Another cool aspect of the game was venturing into dark dungeons. Often times, you needed a torch to see anything in the caves, which made finding the treasure hard to locate but rewarding when found! In terms of things I did not like – the menu system has not aged well! I did not like having to open the menu to click on “door,” “stairs,” or “take,” to actually use those items on the overworld map. I also did not appreciate having to go visit the King each and every time that I wanted to save my game. No other towns in the game allowed me to save, which was frustrating because many of them are quite far from the King, who was located right next to the starter town.

DW2In terms of music, this game created some of the timeless classics heard in all other Dragon Quest games – however, they have sounded a lot better in other games! Some of the other tracks and sound effects in general are quite primitive.
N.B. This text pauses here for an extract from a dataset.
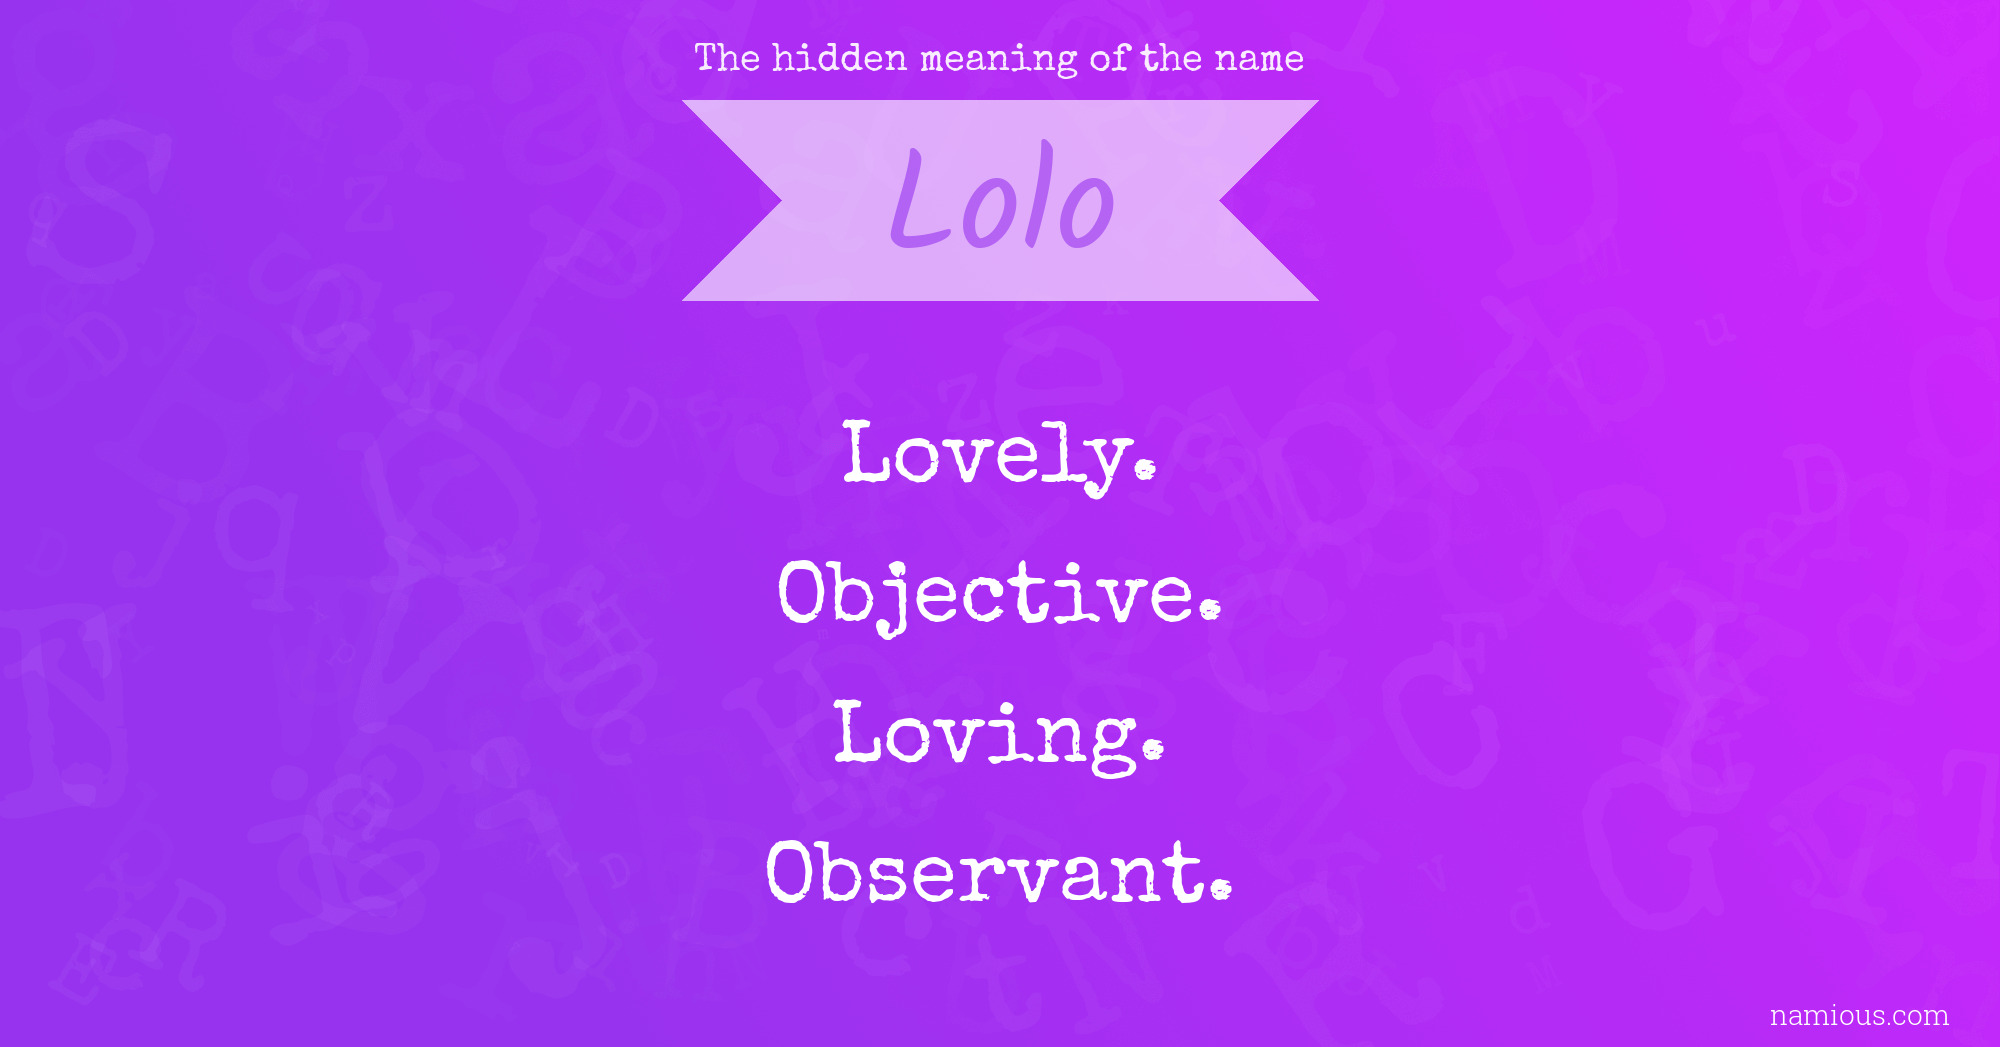 The hidden meaning of the name Lolo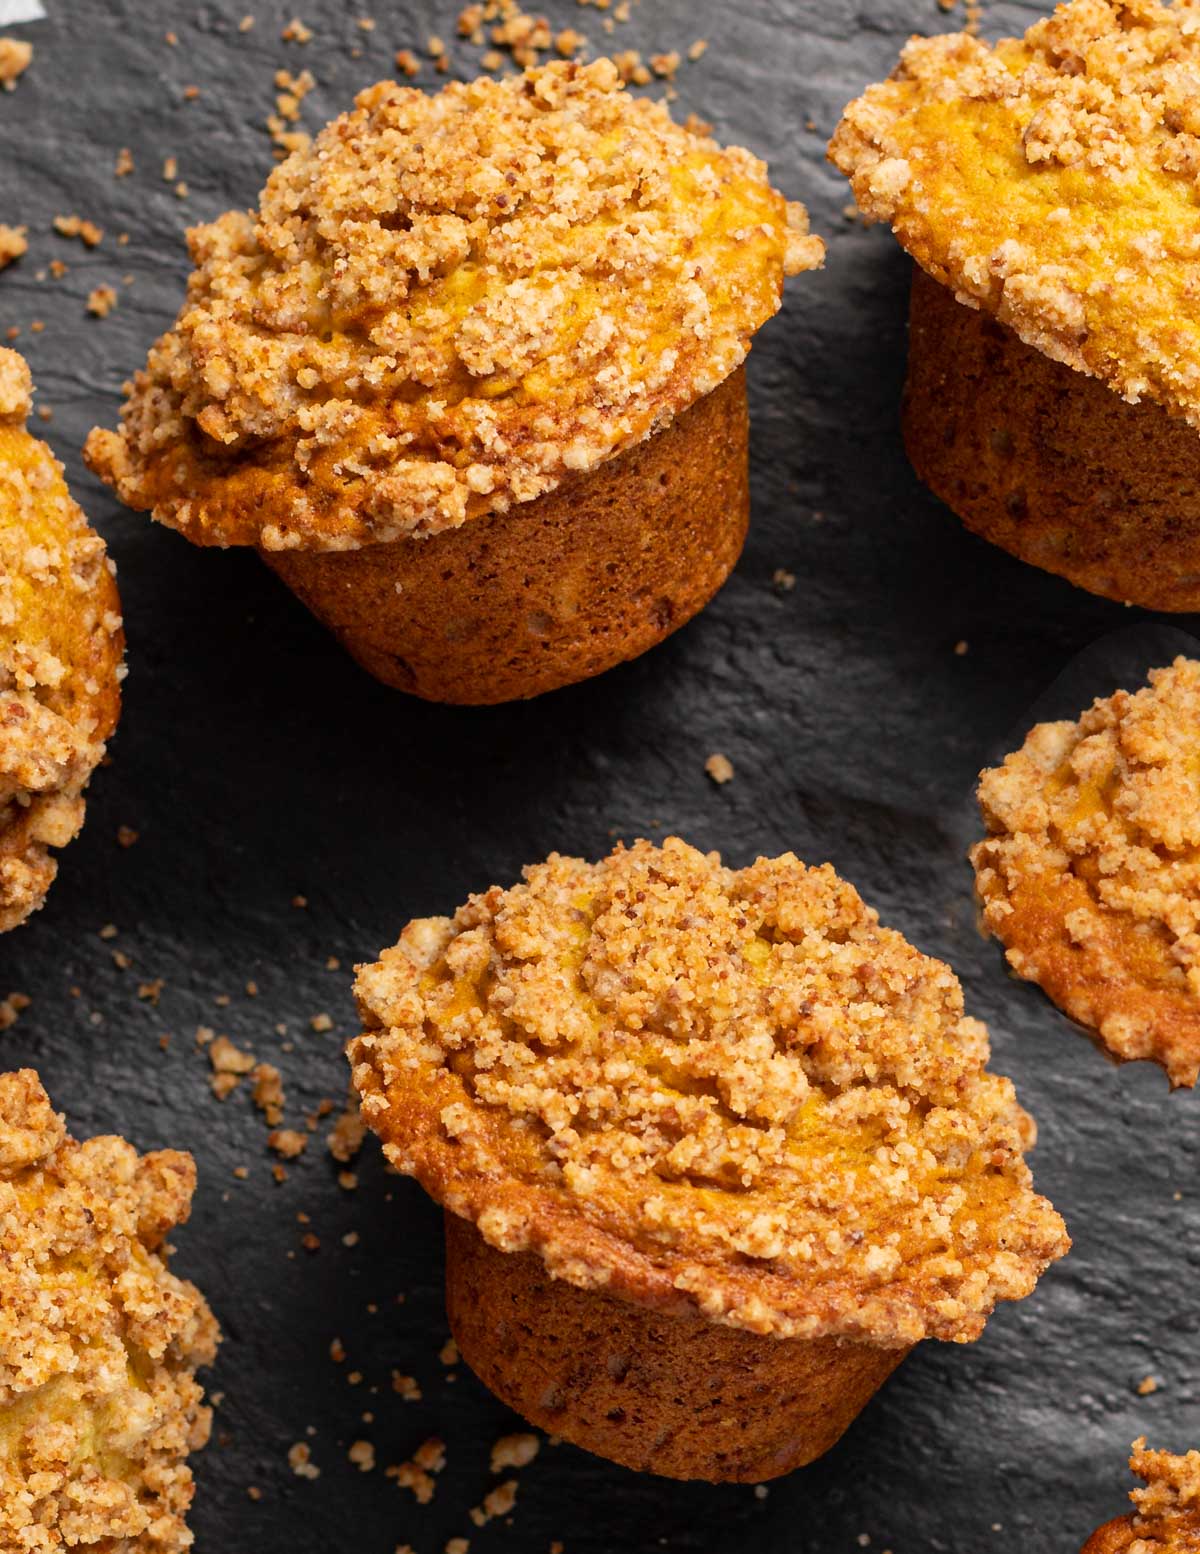 Muffins with vegan streusel

In terms of graphics, they are simple but effective in conveying a fantasy world. Where the graphics really shine however is in the enemy design – the blue slimes, and many other enemies like the sandman were created here, and they still look great!


Overall, Dragon Warrior is an okay game that has not aged very well, but is still very much playable for diehard JRPG fans who want to know where it all started. When Dragon Warrior first came out, it was groundbreaking and helped lay the foundation for future RPGs including many of the Dragon Quest sequels. With this in mind, I give it a 6/10, but give it a “Historic Videogame” tag indicating how important it is historically to the RPG  genre.